The timeline is ordered chronologically within the current phase. Click any focus area to see its full spec, actions, checks, and history.

Tracking focus area progress

Focus areas move through four states:

StateMeaning
To doNot started — waiting for earlier dependencies to complete
In progressAgent or team is actively working on this focus area
In reviewImplementation is complete — checks being run, awaiting human review
DoneAll results verified, all checks passing

You can manually move a focus area between states. The agent also updates states automatically as it works.

Triaging clarifications

Open clarifications are surfaced prominently in the build timeline. Each one has:

  • The question raised
  • The context (what the agent was doing when it raised it)
  • The focus area it's blocking

Answer clarifications promptly — every unanswered clarification is a paused agent. To answer, click the clarification, type your response, and decide whether the answer should update the focus area spec.

Understanding deviations

When the agent implements something differently from the spec — due to a technical constraint, a discovery, or a misread — it raises a deviation. A deviation is not a failure; it's the system surfacing a decision for you to make.

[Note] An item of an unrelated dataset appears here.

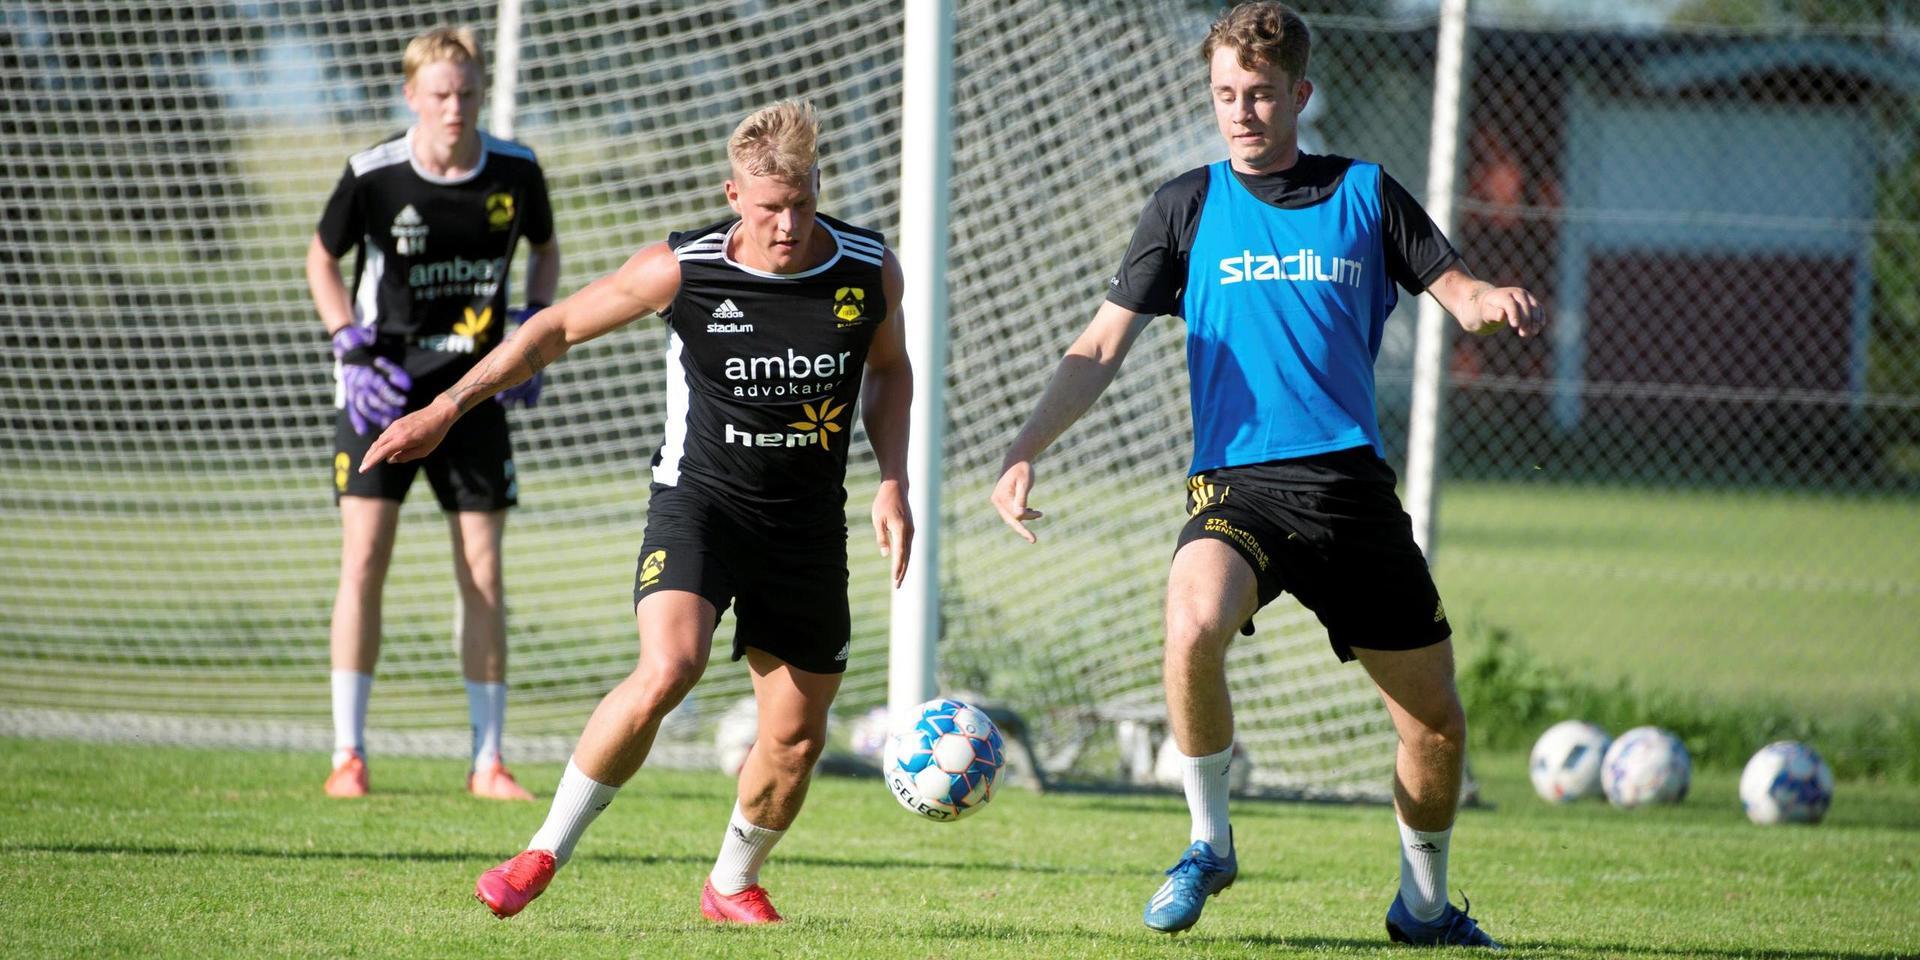 Emil Håkansson hade ett tufft fjolår, men har kommit starkt tillbaka i Astrio som jagar en plats i division 2 nästa år.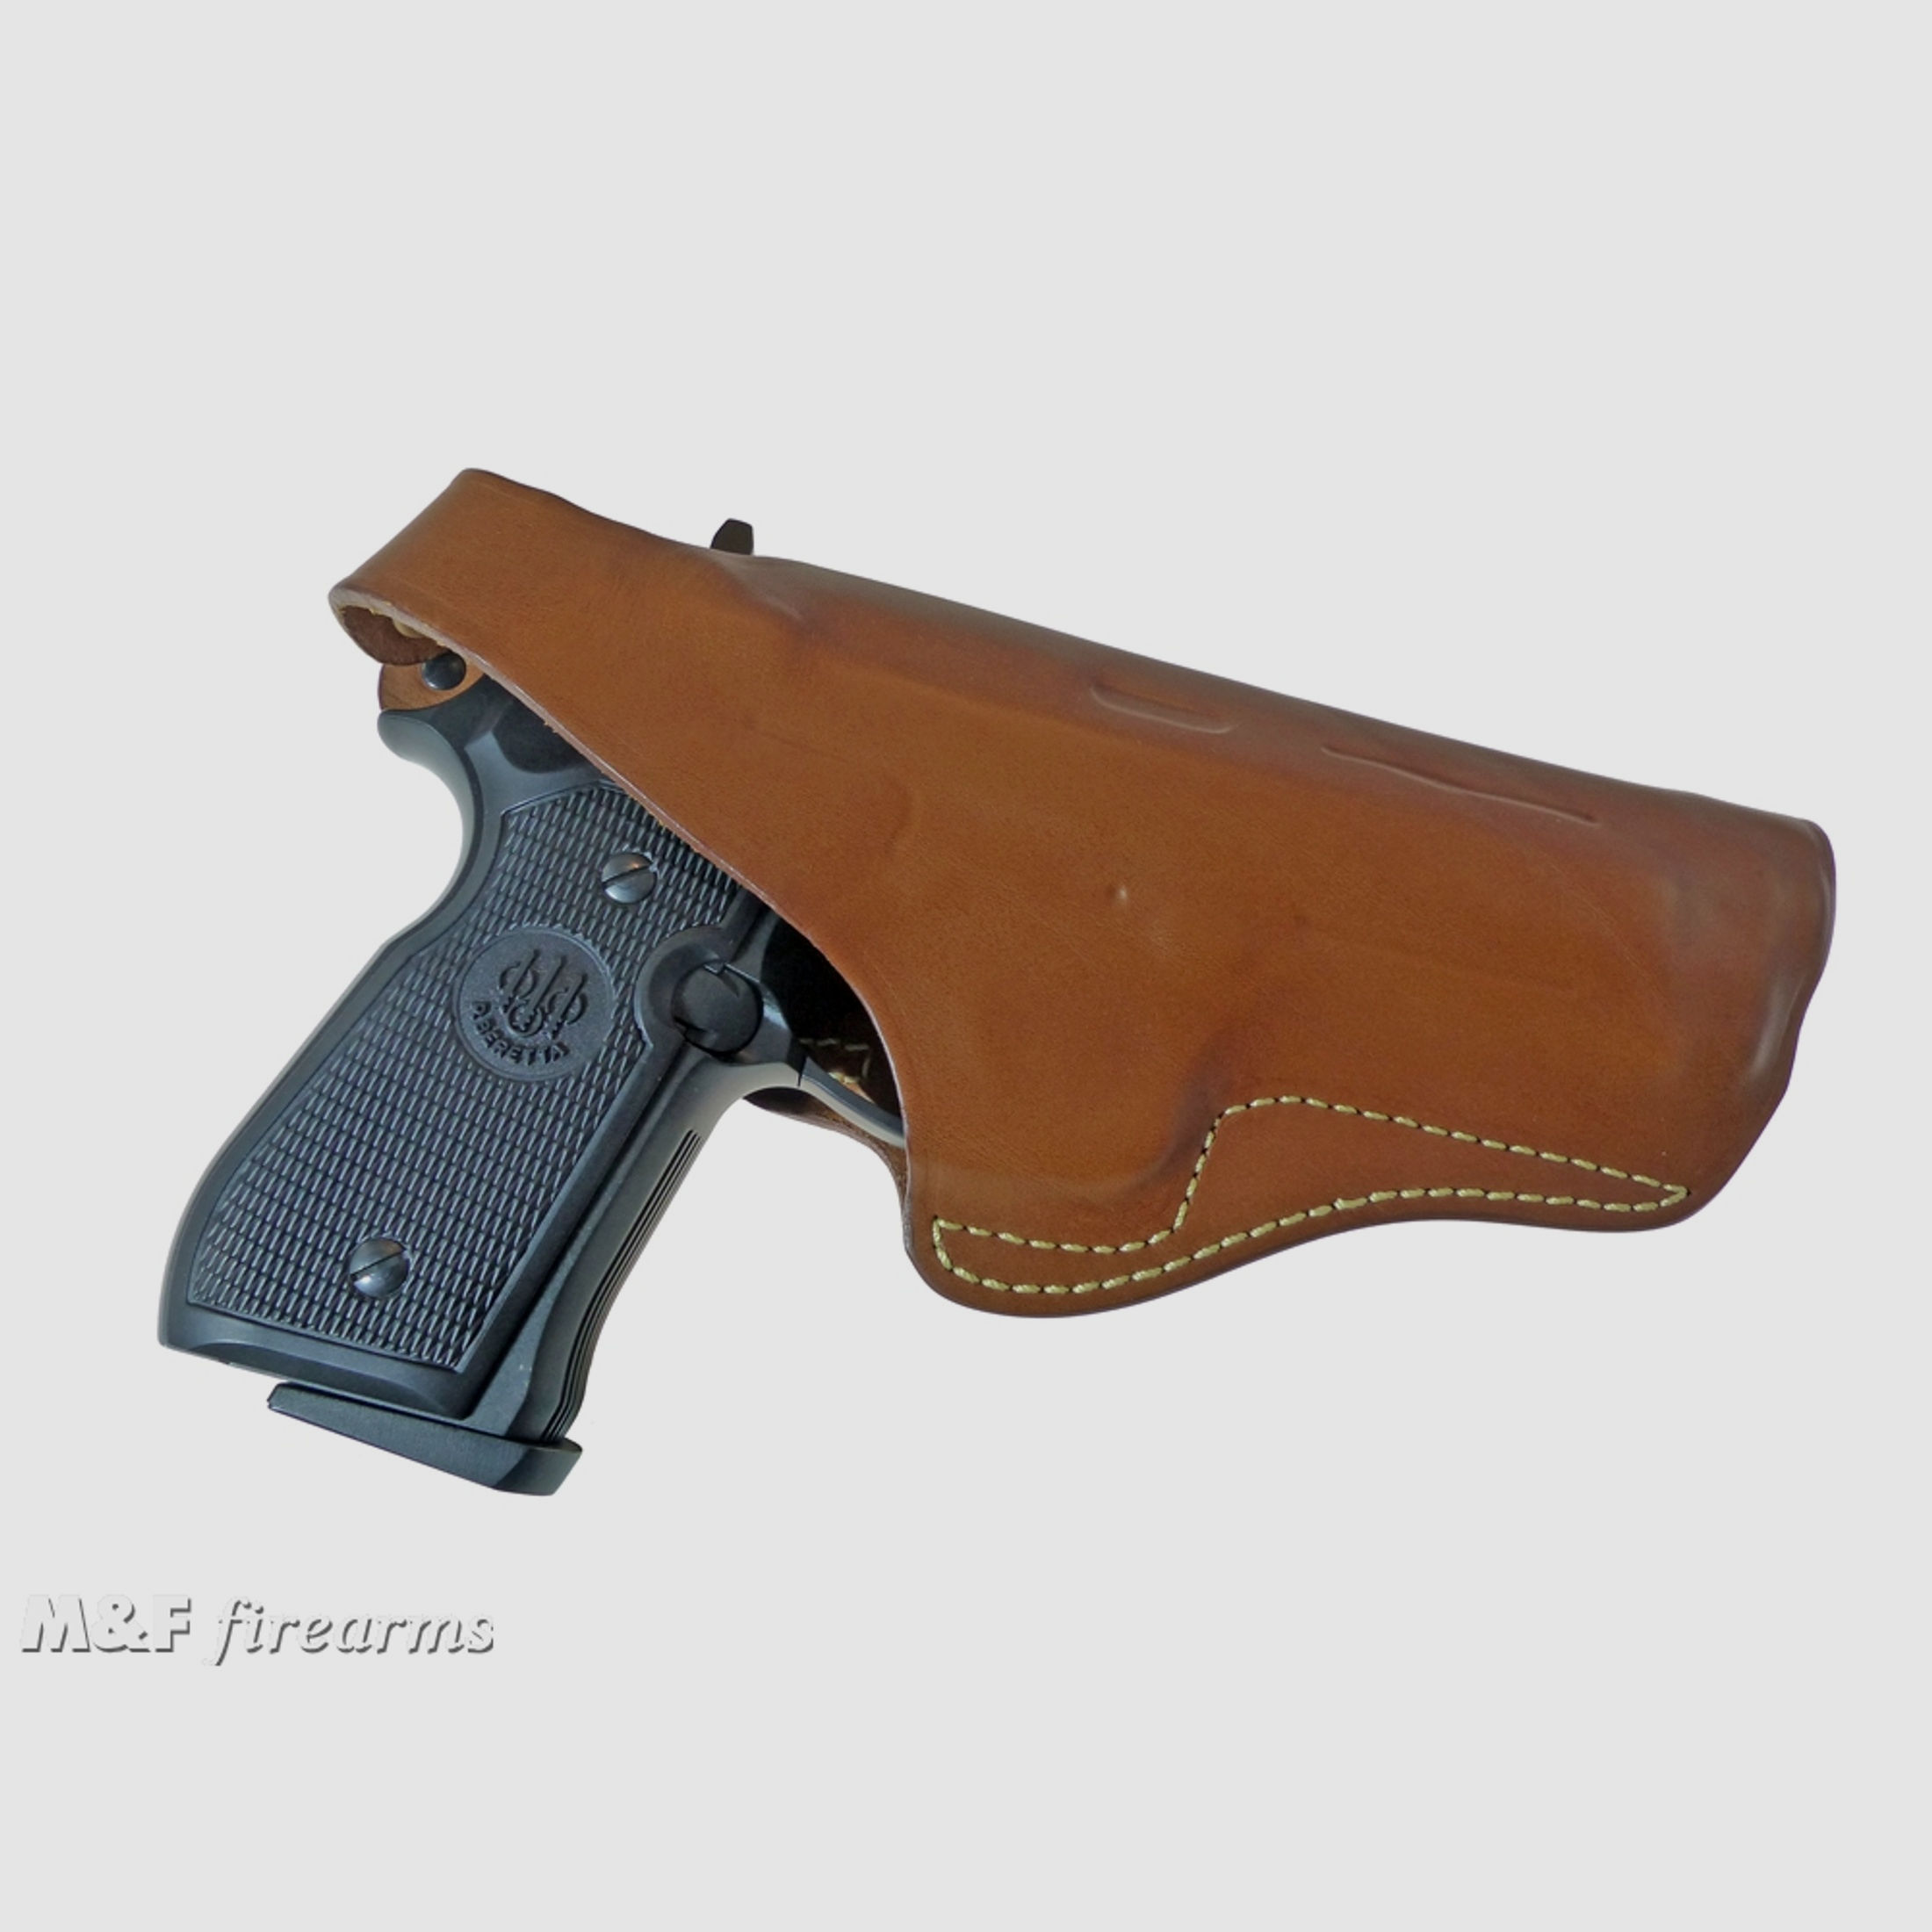 RADAR Lederholster für Beretta Pistole 92F passend auch für Luftdruck- Airsoft- und Schreckschussvarianten

For each deviation, you have three options:

  • Accept — the change is correct; update the spec to match
  • Revert — the implementation should match the original spec; the agent will redo the work
  • Defer — note the deviation and decide later (not recommended for long)

Knowing when a focus area is done

A focus area is done when all of its results are verifiably met. In Penling, this means:

  • All checks linked to result statements are passing
  • No open clarifications against this focus area
  • No unaccepted deviations

When these conditions are met, Penling suggests marking the focus area done. You can override this and mark it done manually, but the checks give you confidence that "done" means done.

End of build

When all focus areas in the final phase are done, Penling prompts you to mark the initiative complete. This archives the build view, preserves the full history, and moves the initiative to the completed state.